The 808 isn't a perfect phone. It runs on an outdated Symbian operating system, an OS which is extremely user-hostile when it comes to internet browsing and other common tasks usually carried out on a smartphone. As we all know, a phone is quite indispensable at this age as it will be with the user at all times throughout the day, due to... (continued below)

0 upvotes
ryder78
By ryder78 (Nov 28, 2012)

(continued from above)... the relatively compact form of it. The same can't be said about compact cameras although there will be folks who carry them wherever they go. People only bring out their cameras during special occasions, or when they know they will be taking some photos during that day. Otherwise, I fail to see the reason why one would carry a compact camera with him (at all times).

There are quite a few phones, not only the Pureview 808, that have made great advancements in producing stellar results in low light. The Lumia 920 running on Windows 8 platform has remarkable capability in low light even with its tiny sensor. Somehow the designers managed to tweak the software and maximize its performance in low light with limitations in hardware. With Nokia paving the way for other smartphone manufacturers, I foresee camera phones to render entry-level compacts obsolete in the next few years. Only the better ones will survive, like the LX7 or RX100 etc.

0 upvotes
2eyesee
By 2eyesee (Nov 30, 2012)

Well I can't disagree with anything you say in your elaborated comments.
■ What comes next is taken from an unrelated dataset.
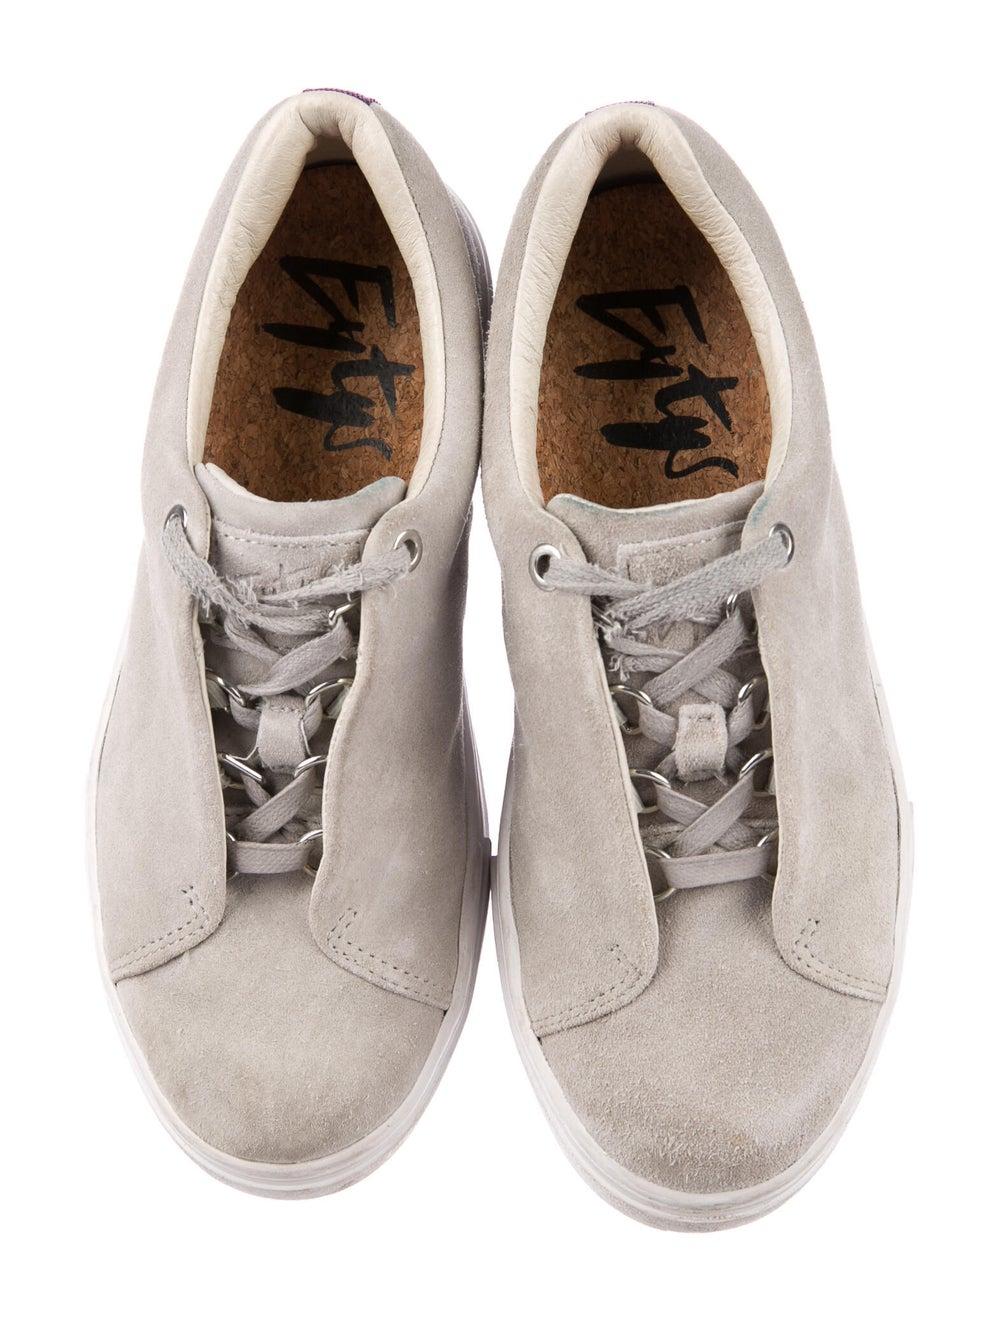 Eytys Suede Sneakers Grey - image 3

The market for entry-level compacts will certainly dry up due to smartphones, but at the same time we are seeing new life breathed into the premium compact market.

0 upvotes
sfpeter
By sfpeter (Nov 24, 2012)

Not surprising, nor is this really news as it's been mentioned for a few years now. Part of it is the rise of Instagram and other cool looking but useless apps; the rest is simple convenience. At this point the only real saving grace for compact cameras will be those of us who don't want our cameras tied to a mobile data plan.

0 upvotes
RedFox88
By RedFox88 (Nov 25, 2012)

People are choosing convenience over quality. I have seen relatives go from mostly P&S camera to mobile phone for pics and mobile phone pics are less clear or out of focus and or blurry from poor higher iso without flash. And the "flash" ok the iPhone is so poor that people turn it off and that causes the blurry pics. Plus phones (99.9%) dont have optical zoom.

Buyers confuse more pixels with quality imaging capabilities.